To be run alongside Greenie's children's entertainment somewhere in the MHF encloser sometime early on Friday evening before it gets dark. Open to anyone aged 10 or over.

*No prizes but I'm offering the first 12 competitors to sign up a FREE glass of wine (can't guarantee it will be of vintage quality)!*

Orange/Apple Juice will be offered as a replacement for non alcohol drinkers or under 18's.

*How to Enter & Rules:*

:arrow: Post your entry on this Forum along with your drink selection (Red/White/Orange/Apple).

:arrow: Bring your own glass (I only have 4 wine glasses)!

:arrow: Metal boules only please - bring your own if you have them to share with others.

:arrow: Bring extra refreshments as once the drinks have gone we will need to open yours!

:arrow: This will be an individual scoring tournament, first one in each group to score 13 will win and go through to the next round.

:arrow: We must all stay and watch the GRAND FINAL (unless rain abandones play).

:arrow: The organisers can enter - anyone want to volunteer as a helper and help me (a NEWBIE) out?

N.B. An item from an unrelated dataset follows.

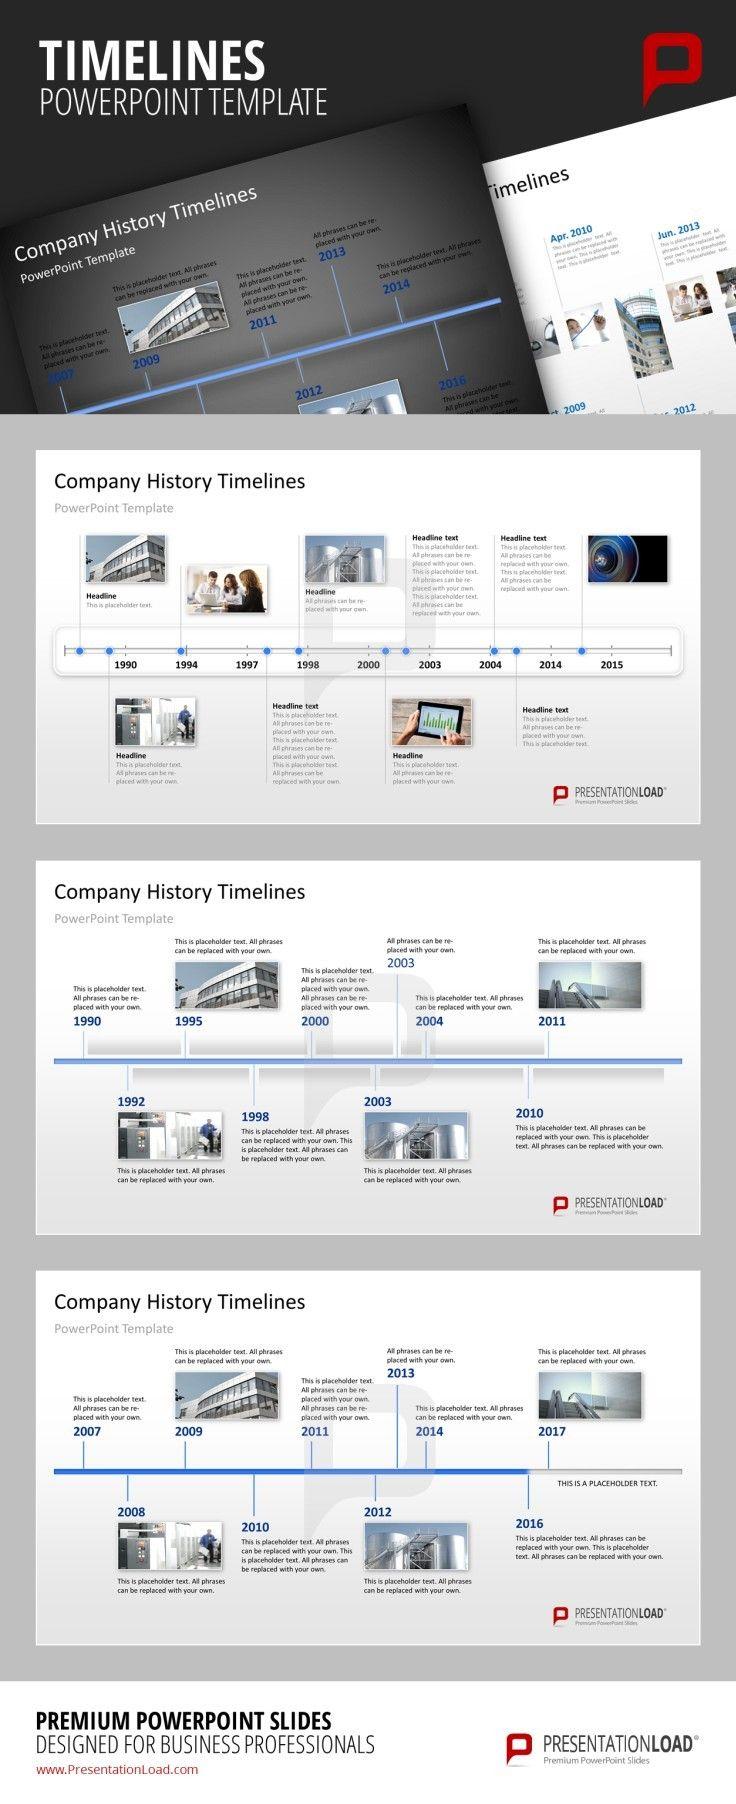 3D Spheres Timeline PowerPoint Template #presentationload www.presentationl...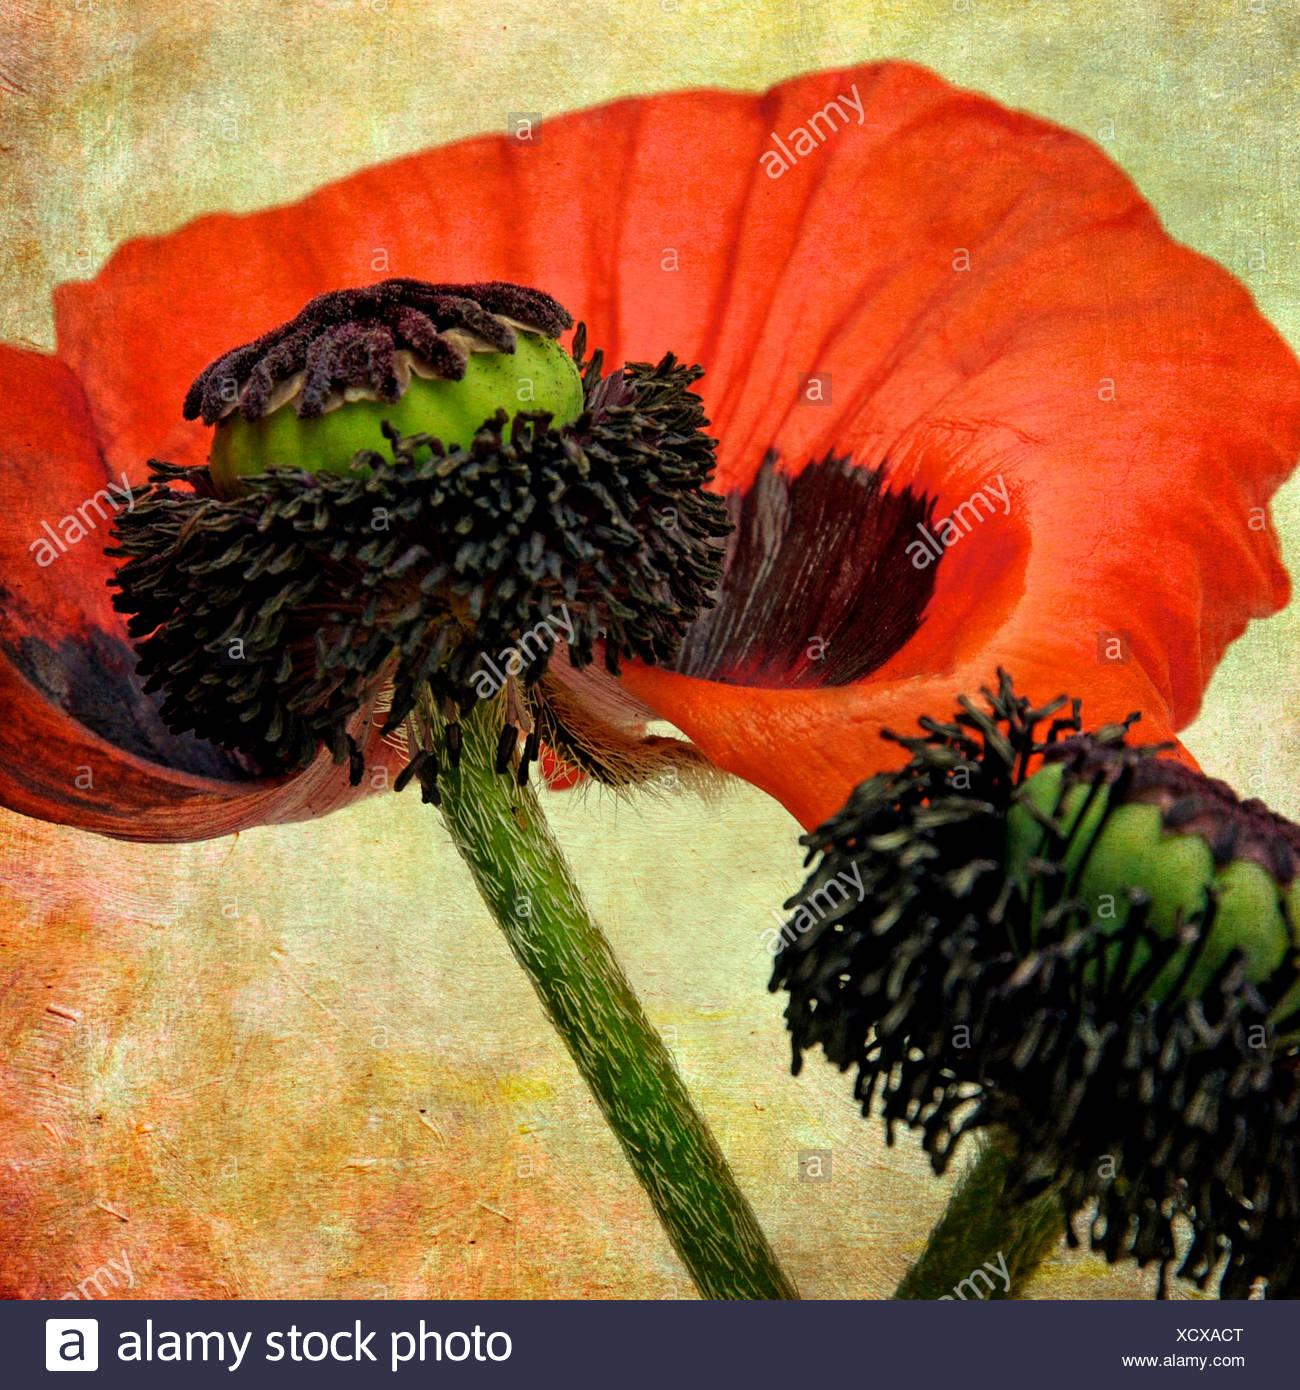 Dying Flowers Stockfotos & Dying Flowers Bilder - Alamy

*Don't be shy - Enter Now*

Julie


----------



## DABurleigh (May 9, 2005)

Red please 

Dave


----------



## artona (Jan 19, 2006)

Hi

Great idea, red please. 

It will also be nice to give Gaspode Ken a chance to get his own back after I trashed him at boules last Easter :lol: :lol: Get practicing Ken :lol: :lol: Mind you with his memory he has probably forgotten :lol: :lol: 


stew


----------



## ladyrunner (Feb 2, 2008)

First 12 adult entries to qualify for a free glass of wine are:-
1. Fiach (irishrver)
2. Olive (irishrver) 
3. Dave (DABurleigh)


----------



## ladyrunner (Feb 2, 2008)

First 12 adult entries to qualify for a free glass of wine are:- 
1. Fiach (irishrver) 
2. Olive (irishrver) 
3. Dave (DABurleigh)
4. Stew (artona)


----------



## artona (Jan 19, 2006)

Hi

Hey don't forget me Julie :lol: 

stew


----------



## ladyrunner (Feb 2, 2008)

Stew

Sorry I made a mistake and went back and edited your name. Ken hasn't entered yet - he needs to be fast it he wants a free glass of wine :lol: :lol: he he

Julie


----------



## gaspode (May 9, 2005)

artona said:


> Mind you with his memory he has probably forgotten :lol: :lol:


What boules tournament :?: :?


----------



## artona (Jan 19, 2006)

HI

:lol: :lol: told ya. When you taught me how to play Ken :lol: :lol:

Shall we mods put a trophy up for this   We could call it The Mod's load of Boules Cup :lol: :lol: :lol:

stew

ps _Sorry I made a mistake and went back and edited your name. Ken hasn't entered yet_

we posted at the same time Julie :lol:


----------



## gaspode (May 9, 2005)

I'd love to have a game and thrash that Artona, he needs taking down a peg, but it's more than a possibility that we'll still be busy getting the vans in on Friday evening. We'll bring along our case of boules anyway so you can borrow those Julie.


----------



## Dopeyngrumpy (May 13, 2005)

Hi 

We're hoping to be there - all booked up - but will be pretty late arriving, if the game is still afoot we'll join in (3) 2 who are 21 (sort of) and one 14 year old.

David


----------



## ambegayo (Jan 7, 2007)

*Peterboroough Show*

Count us in for the boules, haven't been on net since sunday as have had a fault on the line and virgin.net gave me all sorts of reasons why I couldn't connect including ("you're not using our wireless router") Looking at a change. but thats another thread.
First have to check our name is on the MFH list, haved booked Thurs-Monday.
Wendy


----------



## ladyrunner (Feb 2, 2008)

drandall said:


> We're hoping to be there - all booked up - but will be pretty late arriving, if the game is still afoot we'll join in (3) 2 who are 21 (sort of) and one 14 year old.David


David 
With you all being so young does that mean that I'm going to have to ask you 2 for id before you can have a glass of wine - if there's any left by the time that you arrive?? :lol: :lol:

Julie


----------



## Lys520 (Mar 24, 2008)

Mine's a glass of white...

I'll do my best, in between the kids games.:lol: 

Lys520


----------



## ladyrunner (Feb 2, 2008)

First 12 adult entries to qualify for a free glass of wine are:- 
1. Fiach (irishrver) 
2. Olive (irishrver) 
3. Dave (DABurleigh) 
4. Stew (artona) 
5. Wendy (ambegayo) 
6. Lisa (lys520)

Half way there now


----------



## loddy (Feb 12, 2007)

Loddy and Estelle wants to join in, got my own round things and red please


----------



## greenasthegrass (Oct 27, 2007)

OK Andrew and myself will join in - might have to buy some now! will they sell them at Peterborough?


----------



## clianthus (Jul 8, 2006)

Hi Greenasthegrass

I would have thought they'll sell them at the show. 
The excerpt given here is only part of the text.